## What is expected
Whenever a picture appears in the data, skip it and write out all other material exactly.

## Provided data

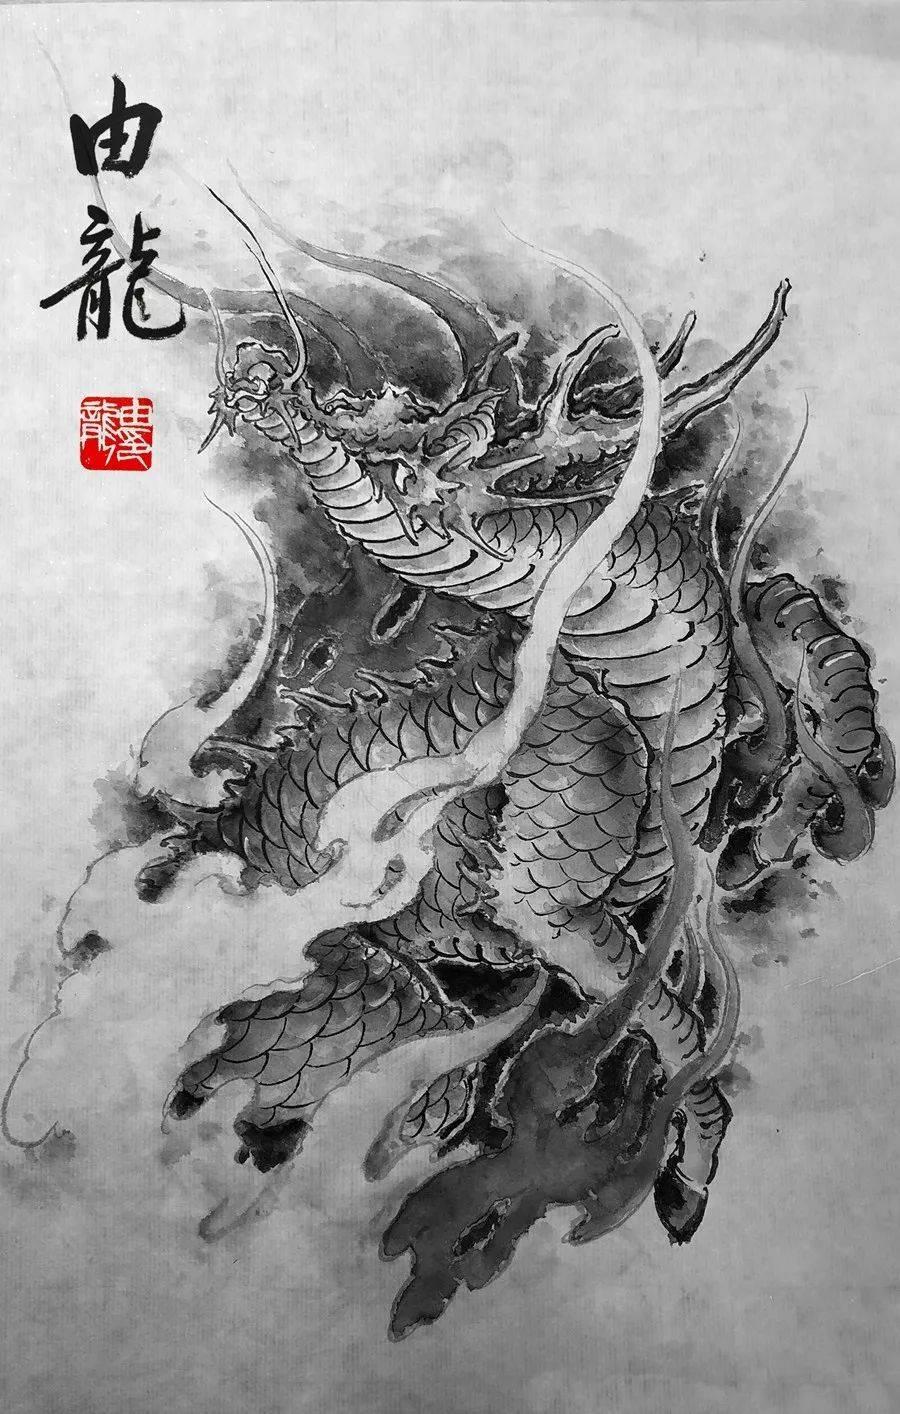 传统神兽造型设计,瑞兽麒麟纹身设计稿上海由龙纹身作品
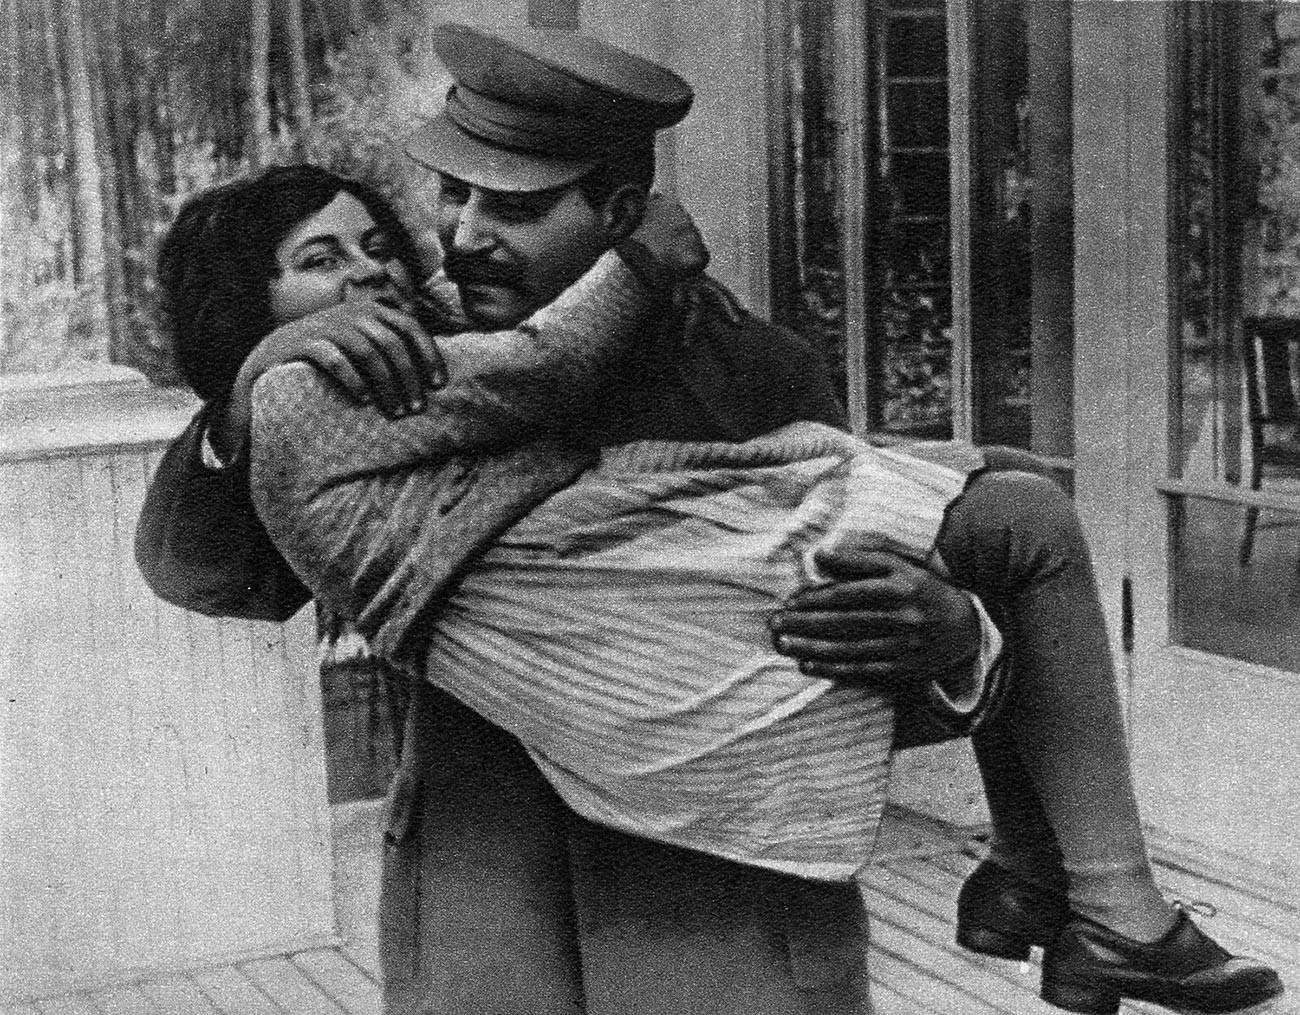 Јосиф Стаљин са ћерком Светланом, 1935.
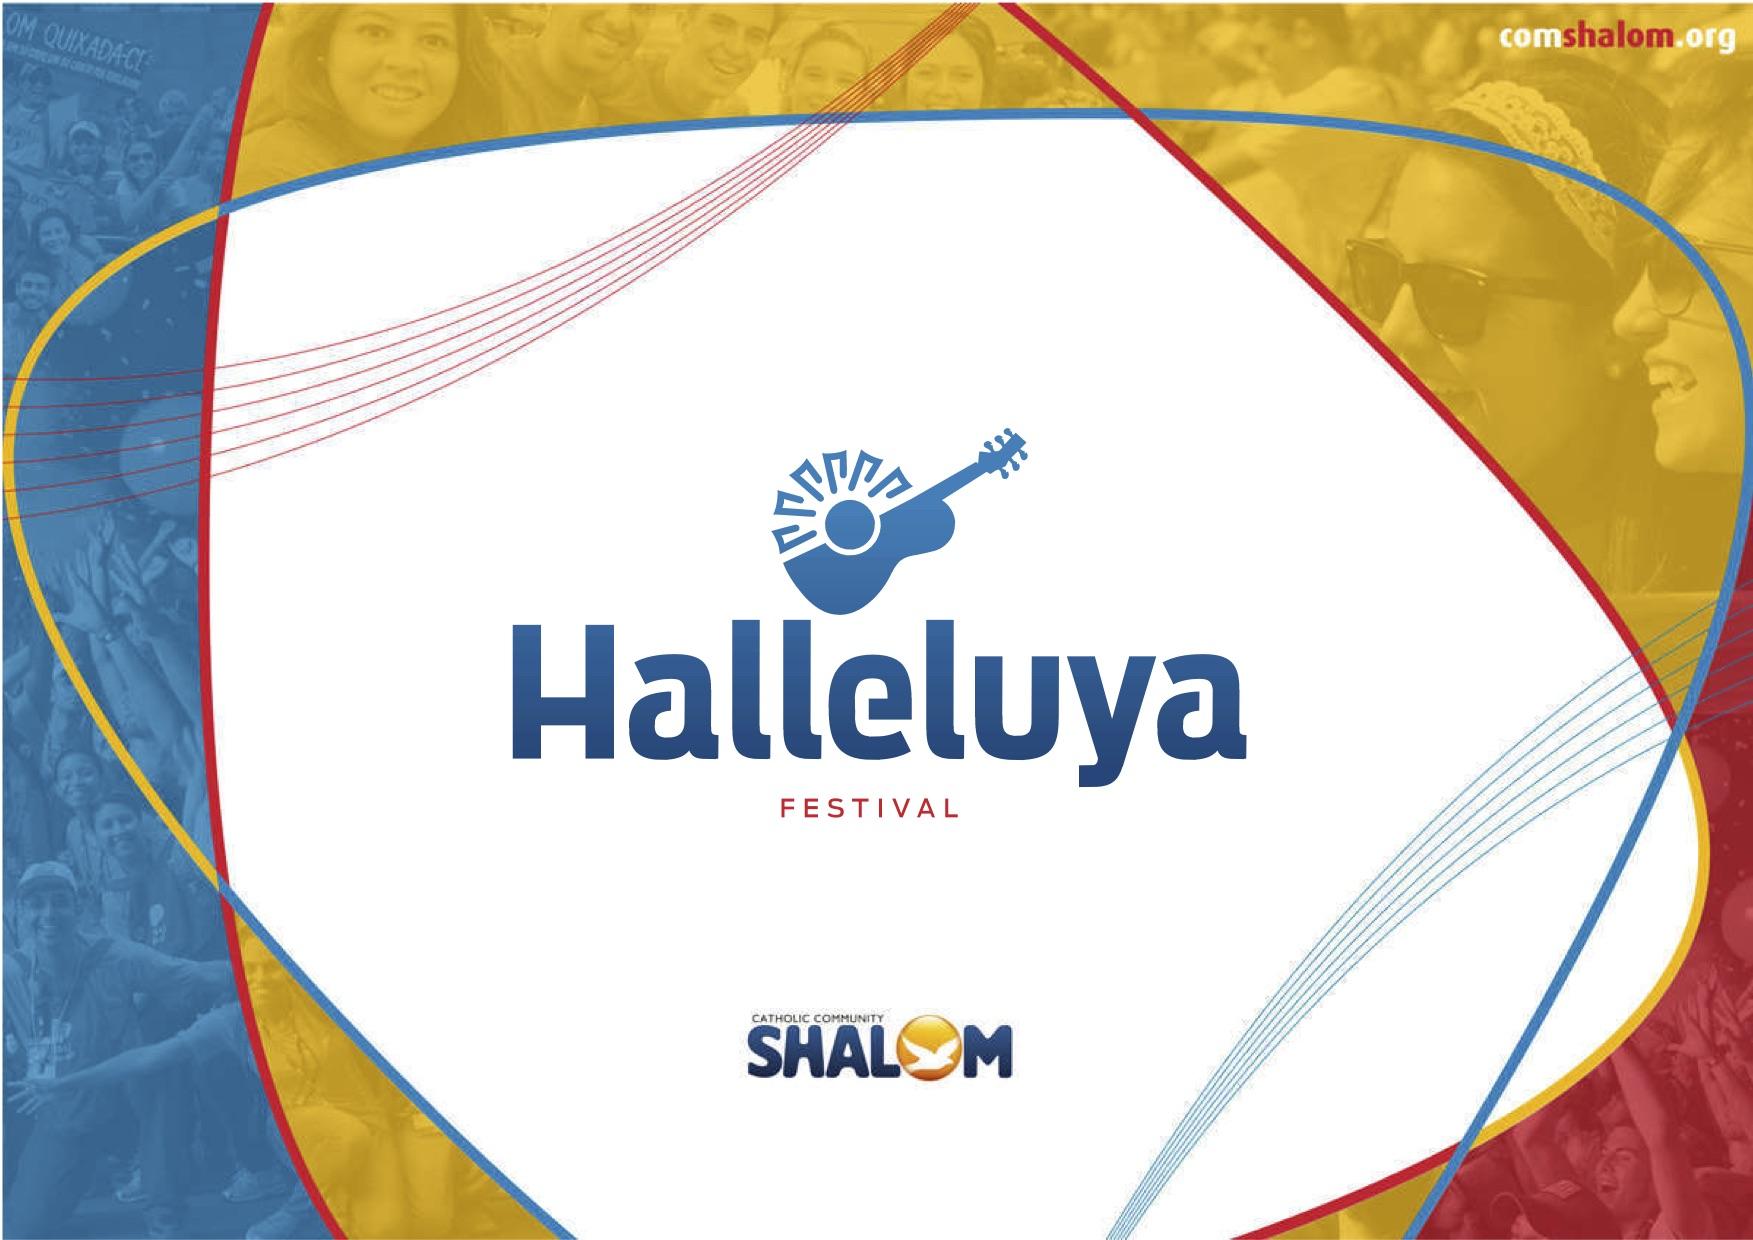 logo Halleluja Festival
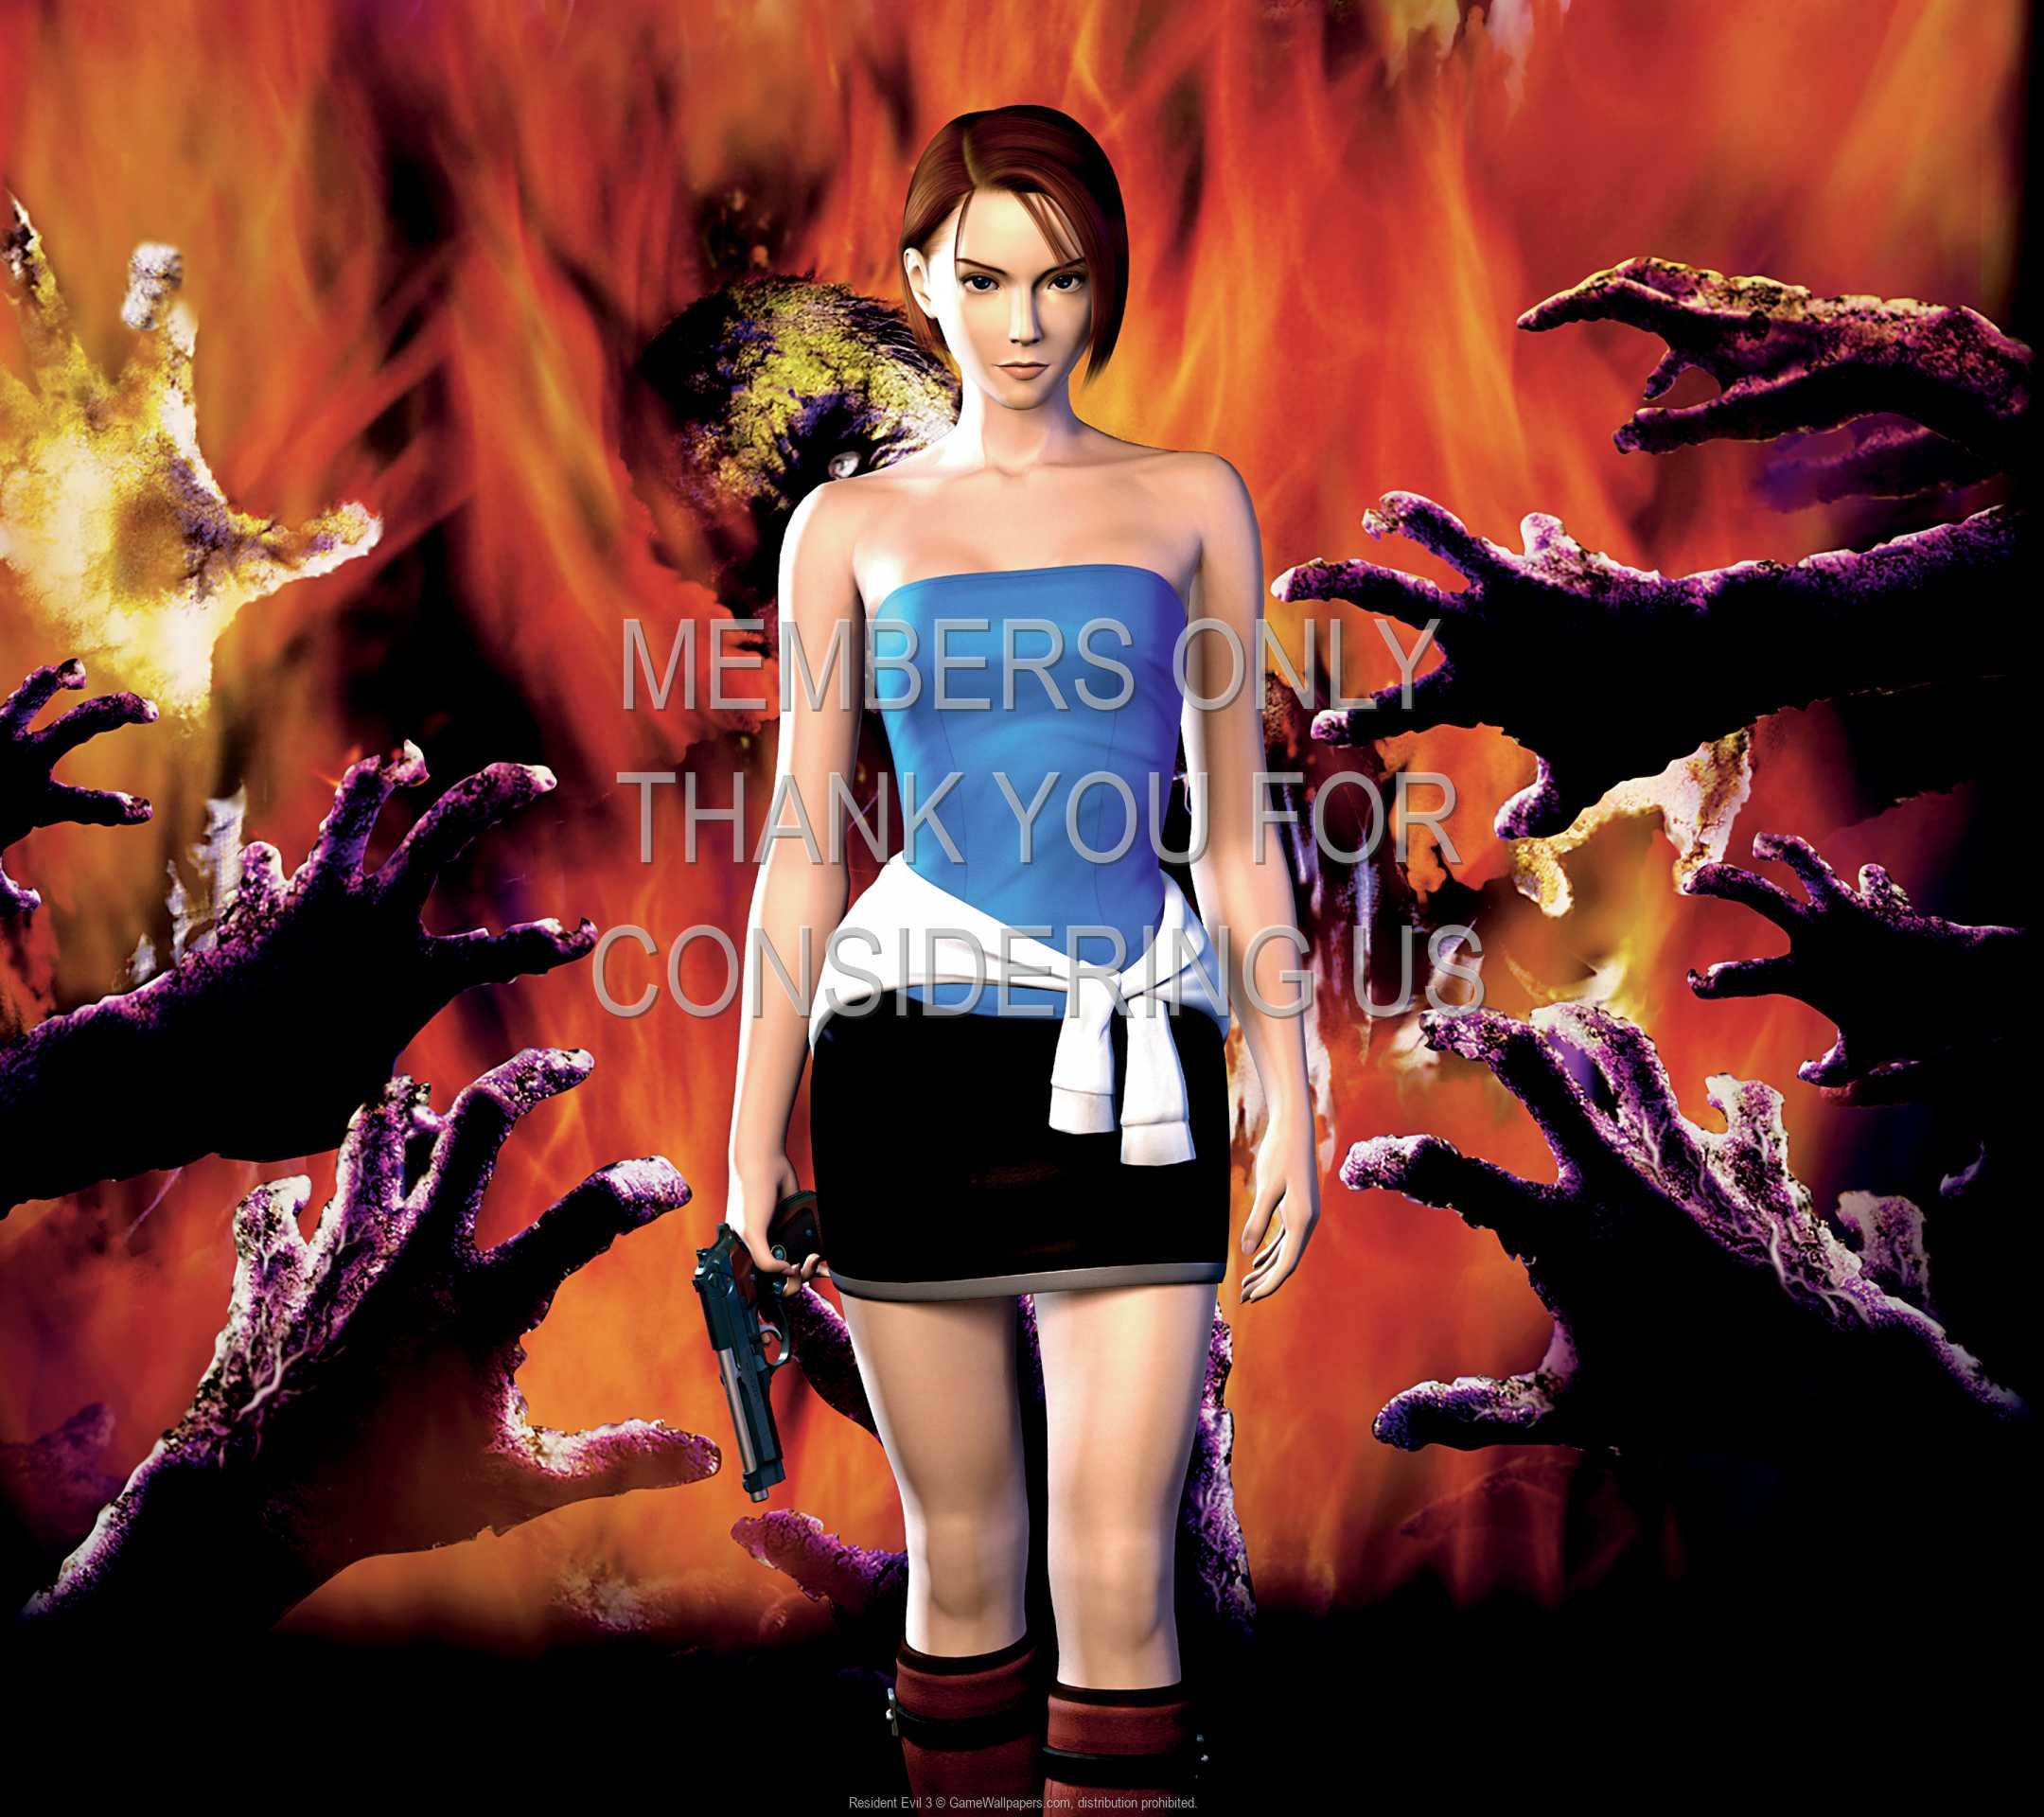 Resident Evil 3 1080p Horizontal Mobile wallpaper or background 06

## Result for this task
 传统神兽造型设计,瑞兽麒麟纹身设计稿上海由龙纹身作品
 Јосиф Стаљин са ћерком Светланом, 1935.
 logo Halleluja Festival
 Resident Evil 3 1080p Horizontal Mobile wallpaper or background 06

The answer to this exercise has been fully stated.